A federal jury in Minneapolis ruled last Thursday against Jammie Thomas-Rasset for sharing illegally 24 songs over Kazaa, a popular Internet peer-to-peer (P2P) network, and was ordered to indemnify the recording companies of $80,000 per song or nearly $2 million!

Jammie is not the first to be caught and convicted for sharing copyrighted material since the P2P frenzy. Napster (another file sharing service like Kazaa) also paid a huge amount to recording companies for facilitating uninhibited exchanges of copyrighted music among its members and a number of others including a high school cheerleader who was also caught downloading via P2P Mariah Carey, The Police and Eminem's recordings while doing her homework on her computer.

Since the proliferation of P2Ps, the Recording Industry Association of America (RIAA) has had filed 30,000 similar lawsuits against individuals and file sharing networks for copyright infringement which they hope would serve as a lesson and deterrence to violators. But unlike the RIAA, the Philippine Association of the Record Industry (PARI) is not as litigant. For obvious reasons, PARI doesn't have the resources to launch a campaign of such scale inasmuch as they will never get any indemnification anyway if they ever caught some newbies sharing videos or music to another fellow from miles away.

But even if they had the resources to litigate offenders, our law enforcement is also ill-equipped to pursue cybercrimes let alone understand how felons do them over the Internet, techwise.             

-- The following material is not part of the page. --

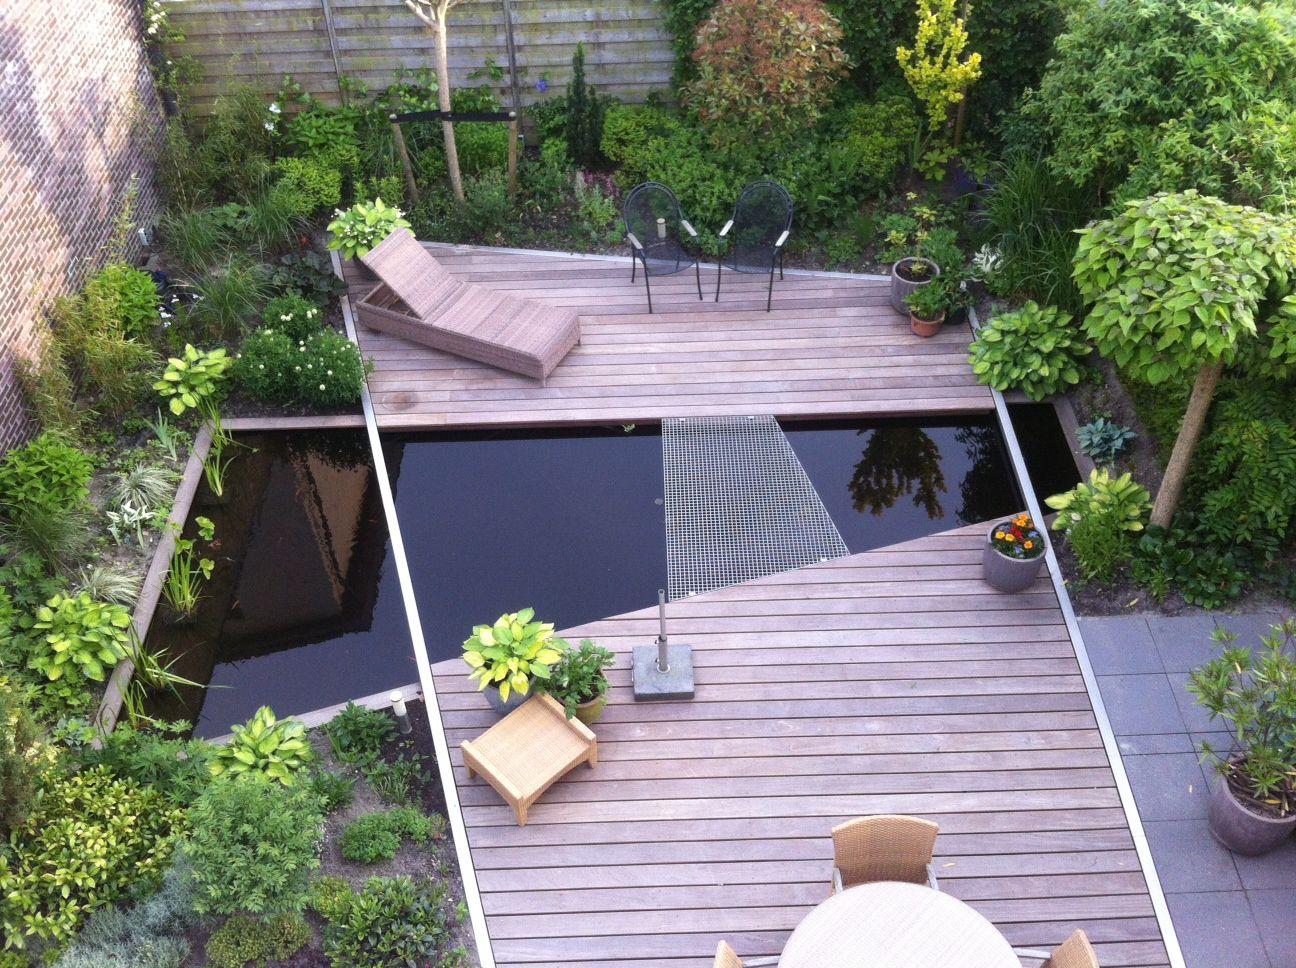 Mooi lijnenspel van de lindeloof tuinarchitect design for Tuinarchitect kleine tuin

So in countries where law enforcement is not technically mature to deal with cybercrimes coupled with an industry unwilling to spend for legal representations, they all the more render the global campaign against piracy a wasteful and toilsome pursuit. Thus, illegal file sharing will be here to stay for long -- and we can only wish not for good.    

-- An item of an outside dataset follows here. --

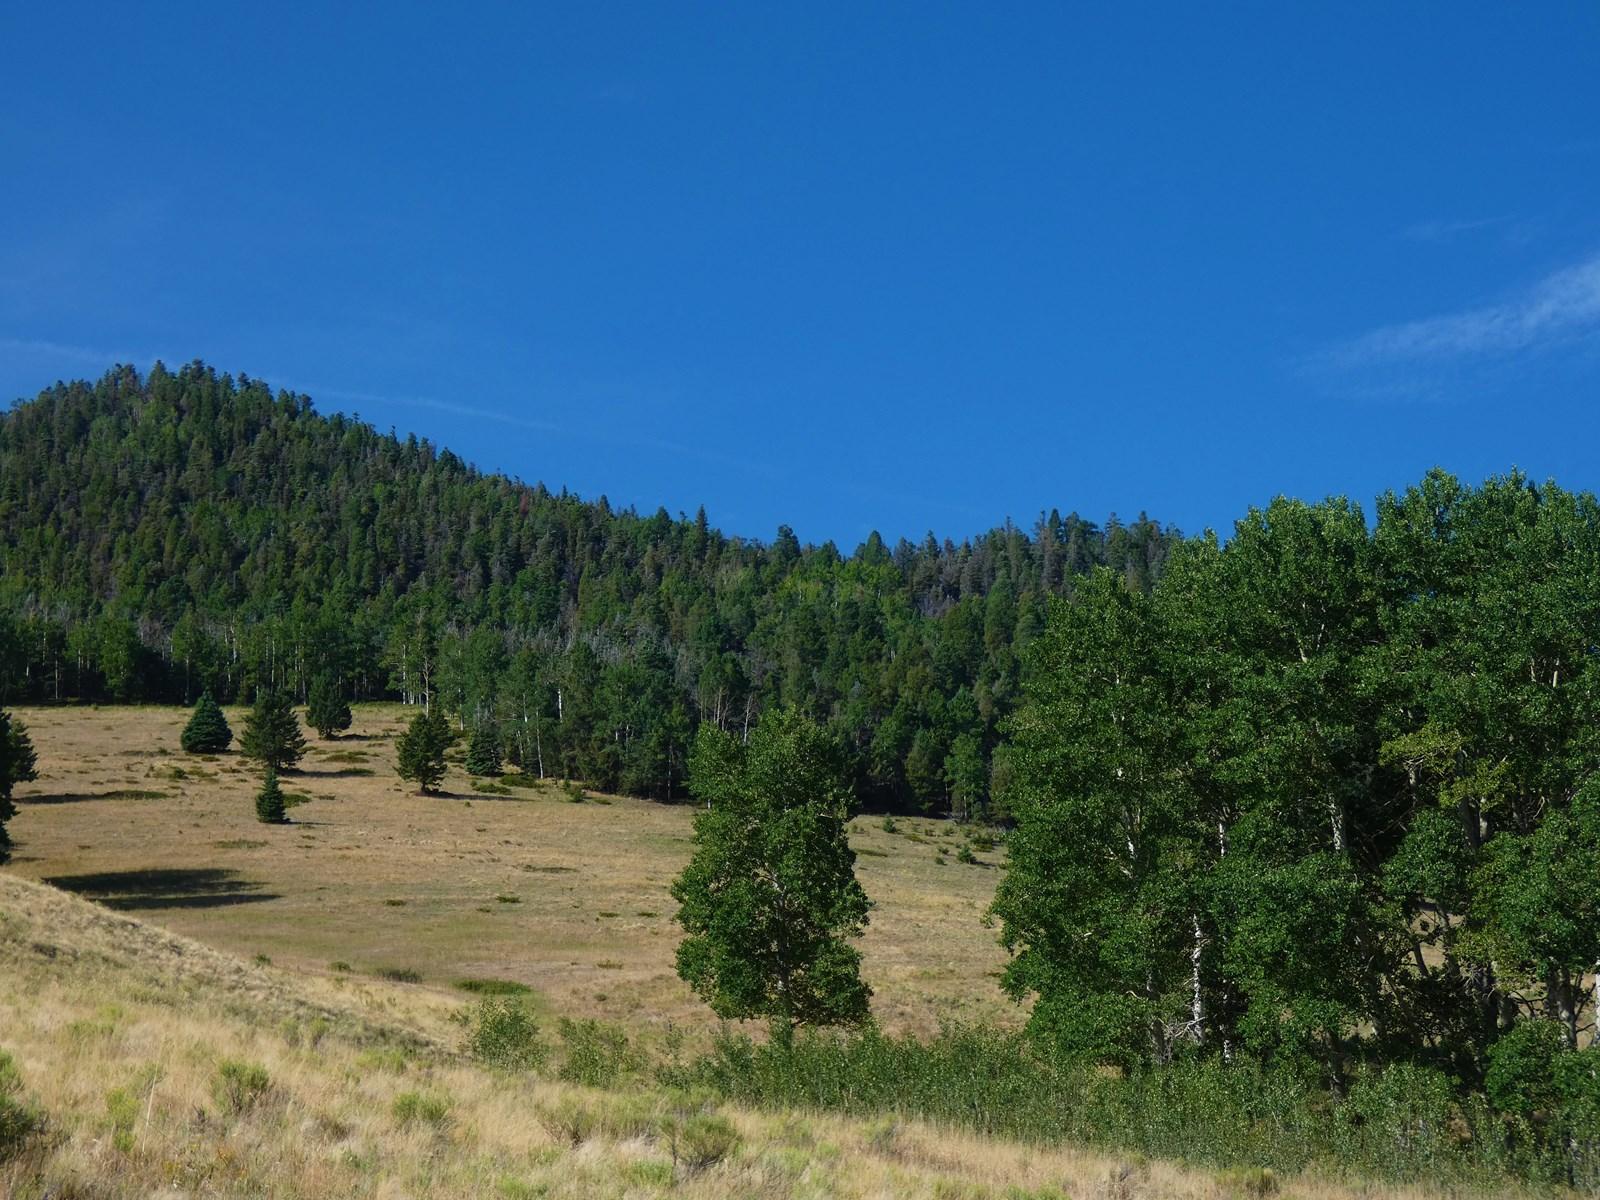 Aspen Groves Throughout

But it is not the only reason why illegal file exchanges happen everyday in the Internet. Users like teenagers (who by the way, comprise the heavy bulk of file sharers) are now more sophisticated to hide their identities online. Users who are also dead mad with the RIAA keep their contents away from their noses by hosting them in servers to countries with little or no intellectual property restrictions.                

In spite of these long and arduous chase against these online delinquents but for so long as content remains accessible to a few can-affords, there is no wisdom running after illegal "cybersharers". They did not choose to be born that way but were made to be like that and will remain perpetually so if and when their originators insist a heavy tag price on their contents.

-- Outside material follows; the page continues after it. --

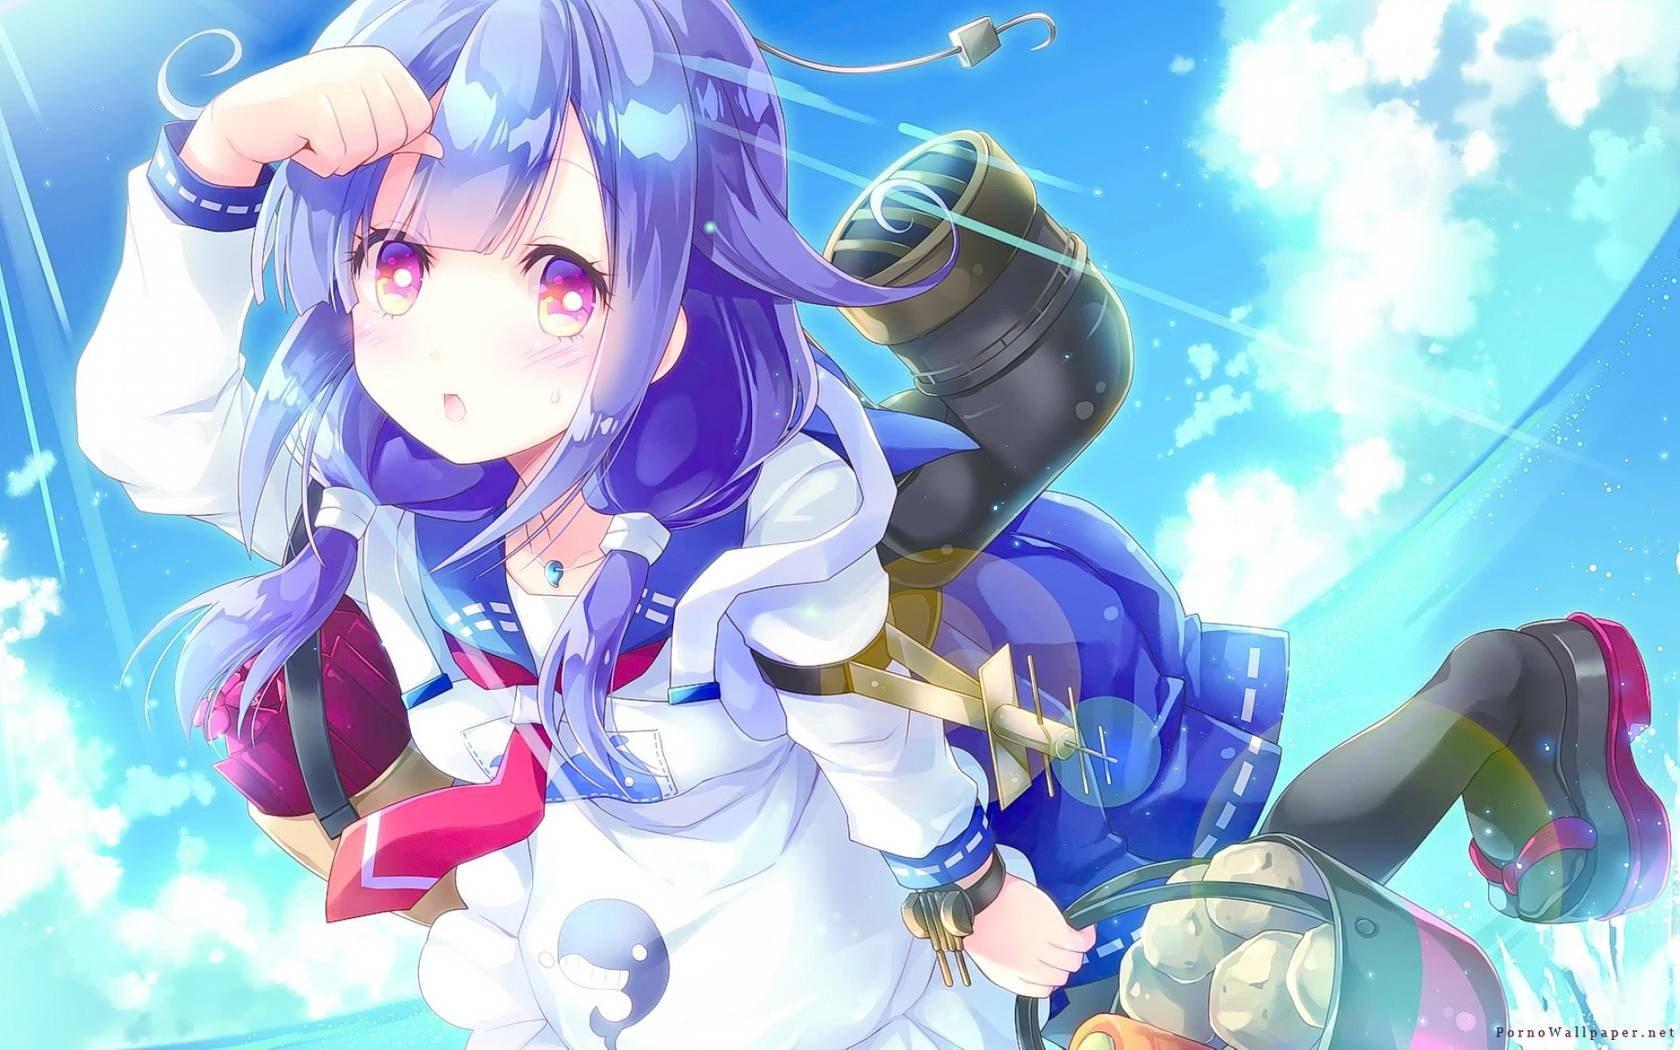 1680x1050 Px Anime Girls Blue Hair Ornament Kantai Collection Long Purple Eyes Taigei

Inasmuch as we don't want to condone copyright infringement, we shouldn't condone overpricing of copyrighted material equally either.

The availability of freeware such as those in the Open Source community is an example that applications and even digital products (like videos, photos, music and etc) can be made available to the public even without paying for them. Users are even encouraged to share them to others. So why are we paying a hefty sum for copyrighted material when it is now possible to give them away for free?